What is the contents of /etc/nsswitch.conf? bz is telling me that if you
still have 'nis' in the lines in nsswitch and you compile with NO_NIS that
you'll get wierd user lookup errors.
Also what are the contents of /etc/make.conf?
#--- The nsswitch.conf:
group: compat
group_compat: nis
hosts: files dns
networks: files
passwd: compat
passwd_compat: nis
shells: files
#----------------------
Hmm, I completely forgot about that one. :( I guess 'nis' should have been
switched to 'files' whenever system is compiled with "NO_NIS=true".
#--- current make.conf:
CFLAGS= -O -pipe
COPTFLAGS= -O -pipe
CPUTYPE= athlon-xp
KERNCONF= CUSTOM
MAKE_IDEA= YES
NOATM= true
NOGAMES= true
NO_BLUETOOTH= true
NO_FORTRAN= true
NO_I4B= true
NO_PF= true
NO_AUTHPF= true
NO_IPFILTER= true
NO_KERBEROS= true
NO_LPR= true
NO_SENDMAIL= true
PPP_NOSUID= true
PRINTERDEVICE= ascii
WITH_OPTIMIZED_CFLAGS= true
X_WINDOW_SYSTEM=xorg
PERL_ARCH=mach
NOPERL=yo
NO_PERL=yo
NO_PERL_WRAPPER=yo
PERL_VER=5.6.1
PERL_VERSION=5.6.1
#----------------------
Andrew
it's not documented - sorry, will do that.
change it to sth like:
group: files
hosts: files dns
networks: files
passwd: files
shells: files
w/o this change I can see sth like this when doing passwd auth:
'sshd[1995]: NSSWITCH(nss_method_lookup): nis, passwd_compat, endpwent, not found'
But I suspect this will not help with your problem.
Did you change your login.conf?
Could you mail me (private mail please) the library with which you can
see the problems?
--
Bjoern A. Zeeb bzeeb at Zabbadoz dot NeT
Actually, that solves all the problems.
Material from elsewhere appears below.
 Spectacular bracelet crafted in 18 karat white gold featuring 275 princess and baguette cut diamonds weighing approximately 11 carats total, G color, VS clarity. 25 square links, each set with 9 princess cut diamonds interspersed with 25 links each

Once I switched to your version of
nsswitch.conf, all the "unknown class" bugs and multiple logging events have
disappeared.
> Did you change your login.conf?
I always used the one that FreeBSD suplies, without any modifications. I even
copied it from /usr/src/ multiple times and rebuilt the database from it to
ensure that it's not some sort of filesystem glitch.
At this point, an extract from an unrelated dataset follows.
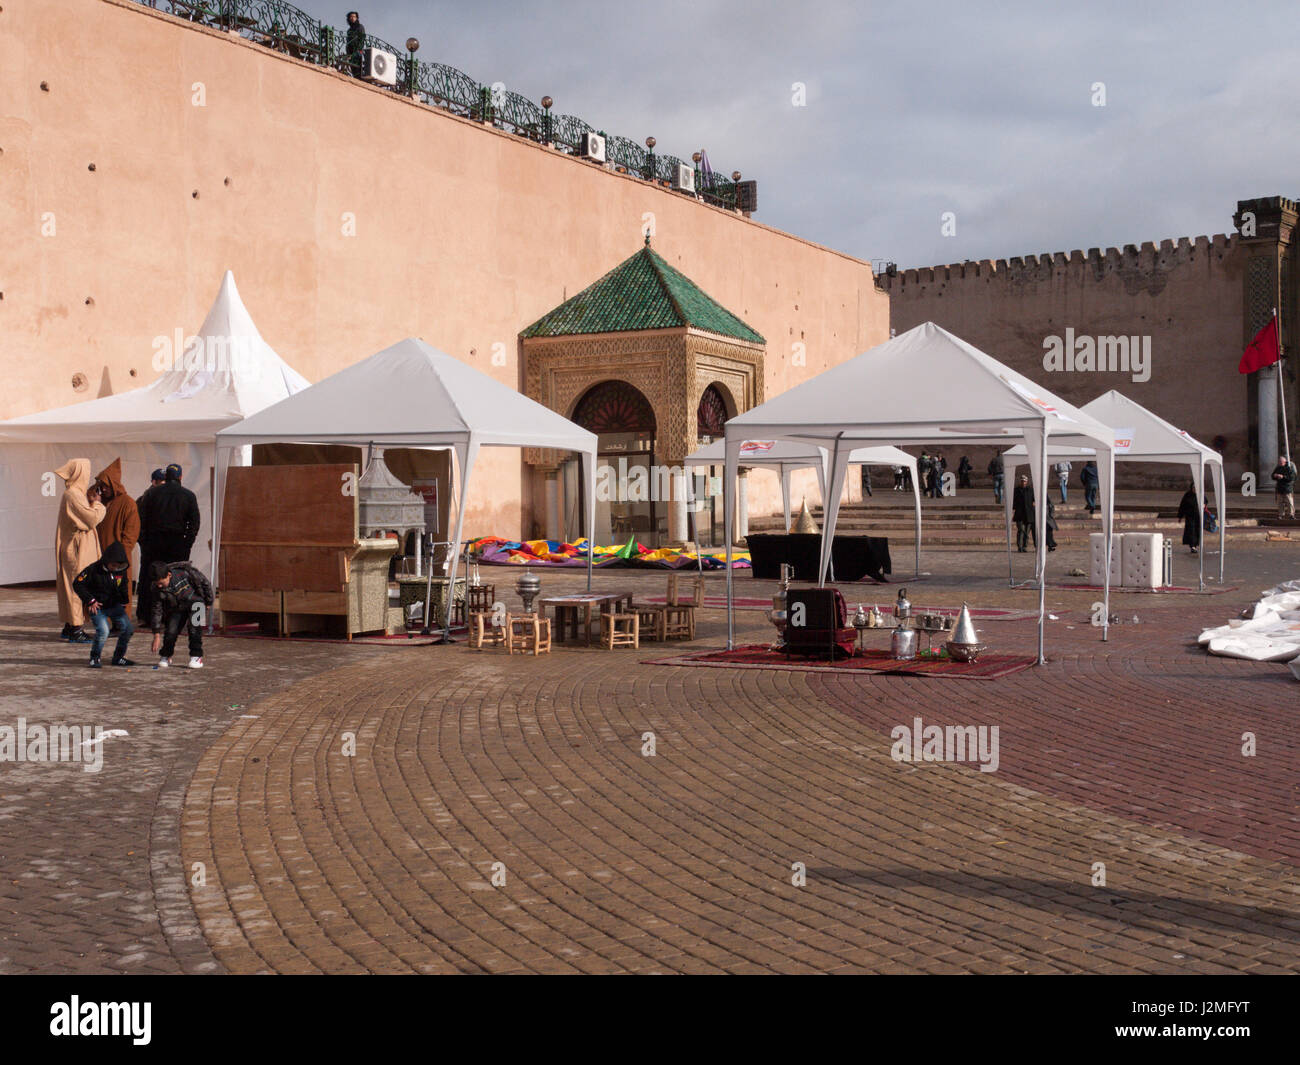 Traders in Place Lahdime in Meknes, Morocco Stock Photo

> Could you mail me (private mail please) the library with which you can
> see the problems?
libc.so.5 with debug symbols is on its way to bz@
As a sidenote: I definitely agree that it should be documented. Also, it's my
personal opinion, but perhaps its better to switch the default nsswitch.conf
file to the one that doesn't contain "nis" as a lookup mechanism. It's much
easier to add to the "NIS/YP" section in the handbook couple lines that tell
the reader to modify /etc/nsswitch.conf to accomodate "NIS/YP" than documenting
(I can't think of any appropriate section) that whenever a system is built with
"NO_NIS=true" in the make file, the user should modify the /etc/nsswitch.conf
to accomodate the change. I realized that it's entirely my fault for not
looking forward to the impact of "NO_NIS=true", but still, I consider the above
described approach better.
Andrew
> > > > What is the contents of /etc/nsswitch.conf? bz is telling me that if you
> > > > still have 'nis' in the lines in nsswitch and you compile with NO_NIS that
> > > > you'll get wierd user lookup errors.
> > >
> > > Hmm, I completely forgot about that one. :( I guess 'nis' should have been
> > > switched to 'files' whenever system is compiled with "NO_NIS=true".
> >
> > it's not documented - sorry, will do that.
> >
> > change it to sth like:
> >
> > group: files
> > hosts: files dns
> > networks: files
> > passwd: files
> > shells: files
> >
> > w/o this change I can see sth like this when doing passwd auth:
> >
> > 'sshd[1995]: NSSWITCH(nss_method_lookup): nis, passwd_compat, endpwent, not found'
> >
> > But I suspect this will not help with your problem.
>
> Actually, that solves all the problems. Once I switched to your version of
> nsswitch.conf, all the "unknown class" bugs and multiple logging events have
> disappeared.
thanks for the information (and thanks for the lib). I will check and
see what can be done to prevent these problems in the future.